Now Reading
UN slams ‘inhuman’ Brunei law on death sentence for LGBTI people

UN slams ‘inhuman’ Brunei law on death sentence for LGBTI people

Sultan Hassanal Bolkiah

The United Nations‘ high commissioner for human rights has condemned as ‘inhuman’ Brunei’s move to punish LGBTI people with stoning, whipping and amputation.

Last month, Gay Star News broke the news that Brunei was quietly rushing to implement the Sharia Penal Code by 3 April.

The controversial penal code includes death by stoning for people convicted of sodomy, and whipping for those condemned for adultery or rape.

Michelle Bachelet, the UN’s top rights official, pleaded the government to ‘stop the entry into force for this draconian new penal code which would mark a serious setback for human rights protections for the people of Brunei if implemented.’

She dubbed the laws punishments as ‘cruel, inhuman, and degrading.’

Global outcry

Bachelet’s comments come amid global outcry against the legislative change.

Brunei itself – a tiny, oil-rich patch of the island of Berneo – has only 430,000 people living there.

Yet, this in no way stopped the immense and continuing condemnation of their government.

LGBTI people and organisations on the frontline of the country, such as The Brunei Project, act as some of the few support networks in the country.

While high-profile celebrities – from George Clooney to Elton John – have spoken bluntly of their decisions to boycott all Brunei-owned hotel businesses.

The US State Department criticized the move, too, but stopped short of fully condemning the law.

Background of Brunei

Rulers of Brunei have long enforced strictly traditional interpretations of Islamic teachings. The country, in Southeast Asia, operates under an absolute monarchy.

In other words, the head of state, the Sultan of Brunei, is also head of government. Royalty and lawmaking are one the same.

For example, under the current 51-year-long monarch Hassanal Bolkiah, the country banned alcohol and forbade the proliferation of non-Islamic faiths.

All a stark contrast to neighbouring Muslim-majority nations, such as Indonesia or Malyasia.

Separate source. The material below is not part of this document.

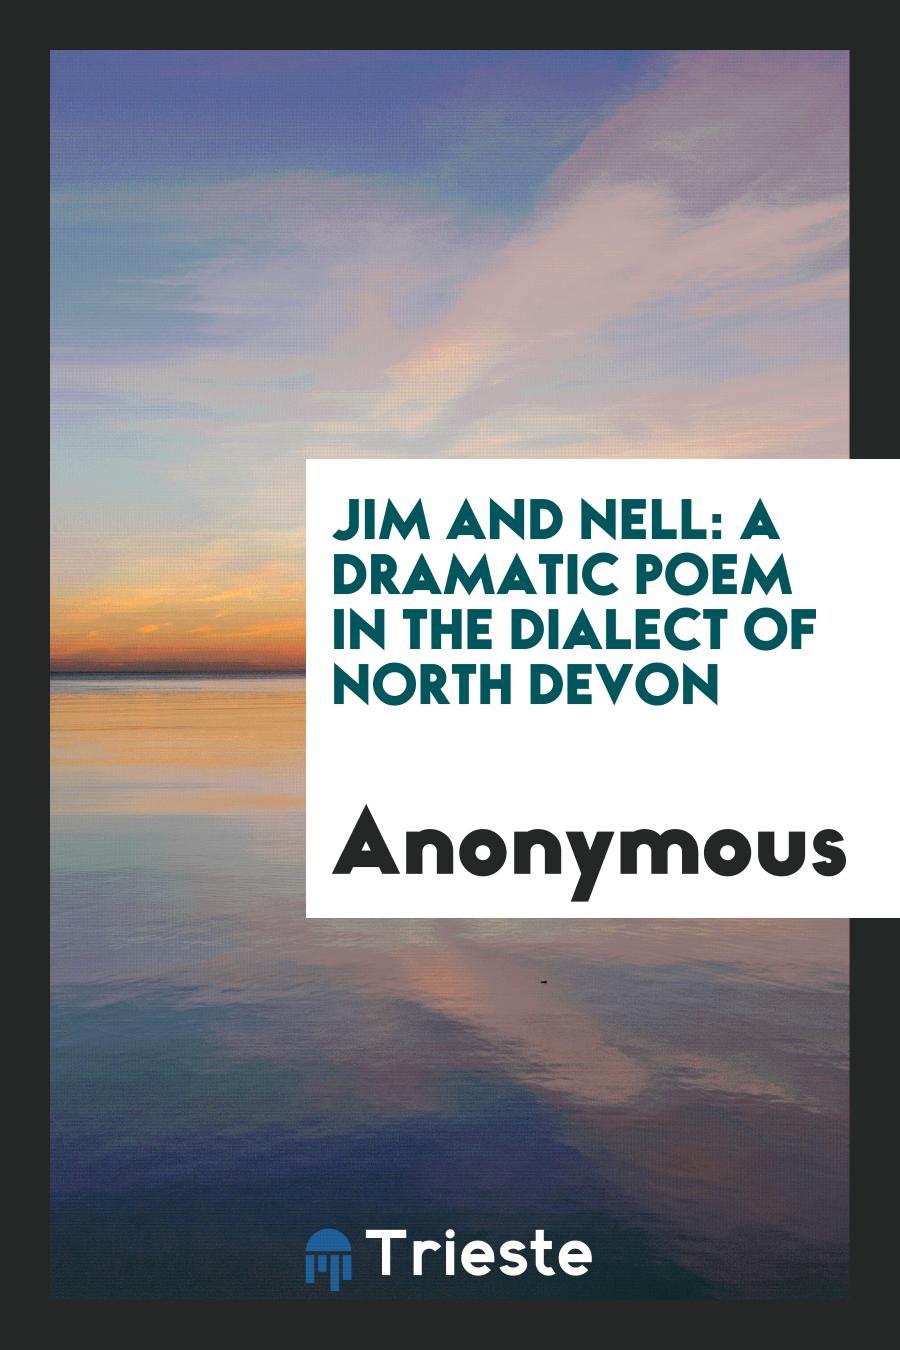 Jim and Nell: a dramatic poem in the dialect of north Devon
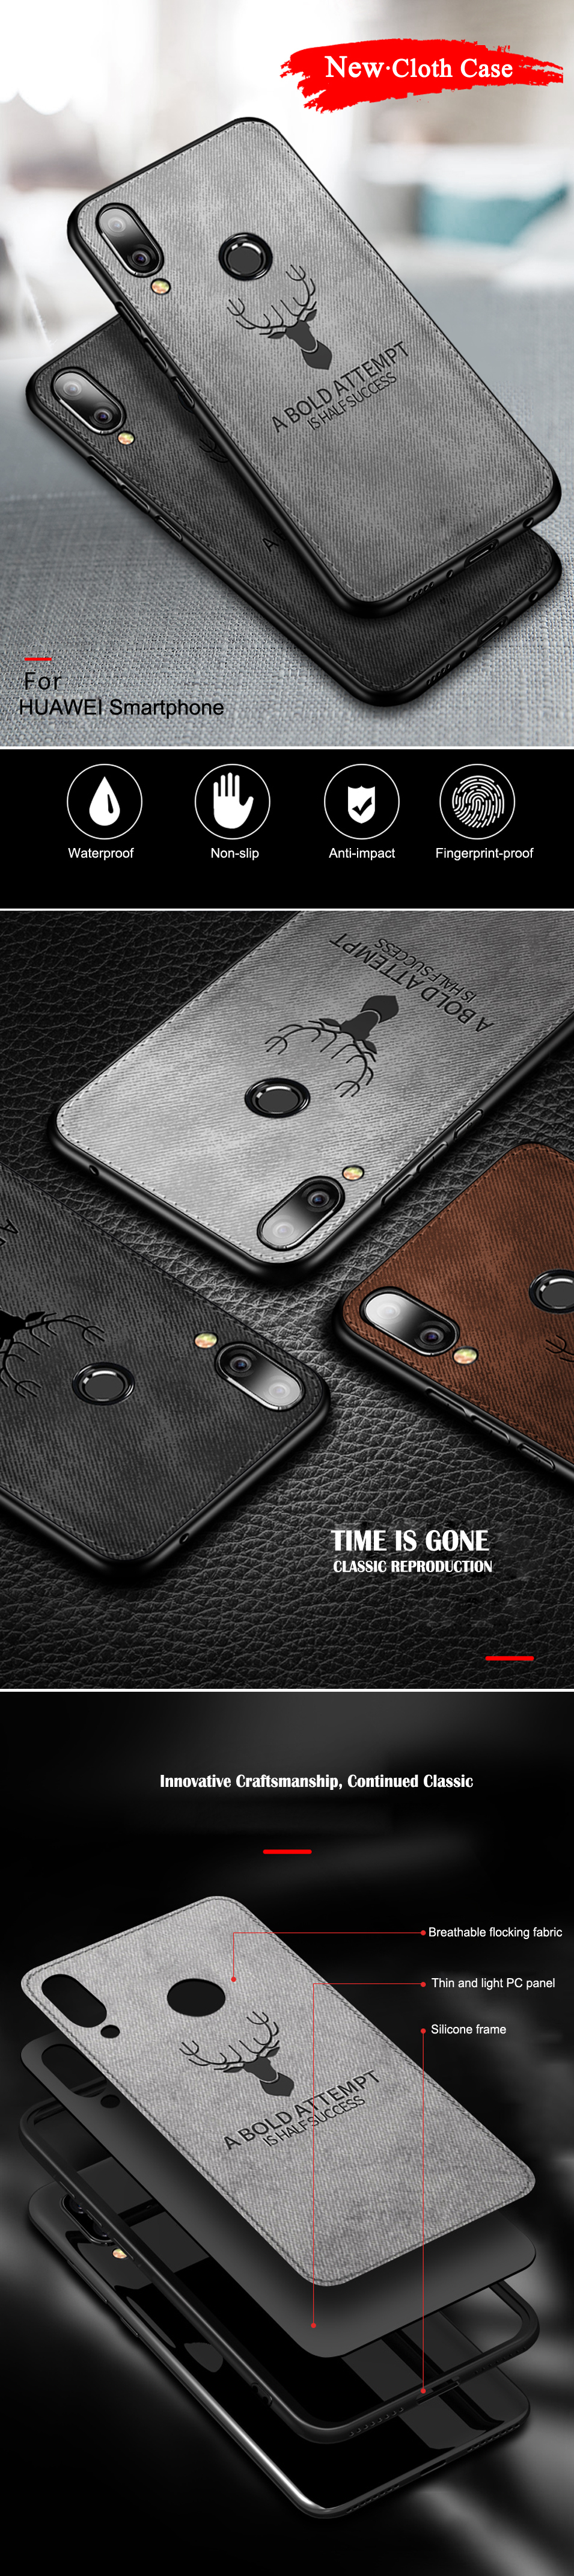 BAKEEY-Deer-Shockproof-Anti-Scratch-ClothTPU-Protective-Case-For-Huawei-Honor-8X-1454759-1

Sharia Penal Code: In three stages

Back in 2014, Bolkiah announced the Sharia Penal Code would be implemented in three stages.

The first stage of legal reforms was no struggle to lawmakers, but its second and third stages experienced holdups.

However, the Bruneian Attorney General’s Chambers website officially posted plans to fast-track implementation of the SPC on 29 December 2018.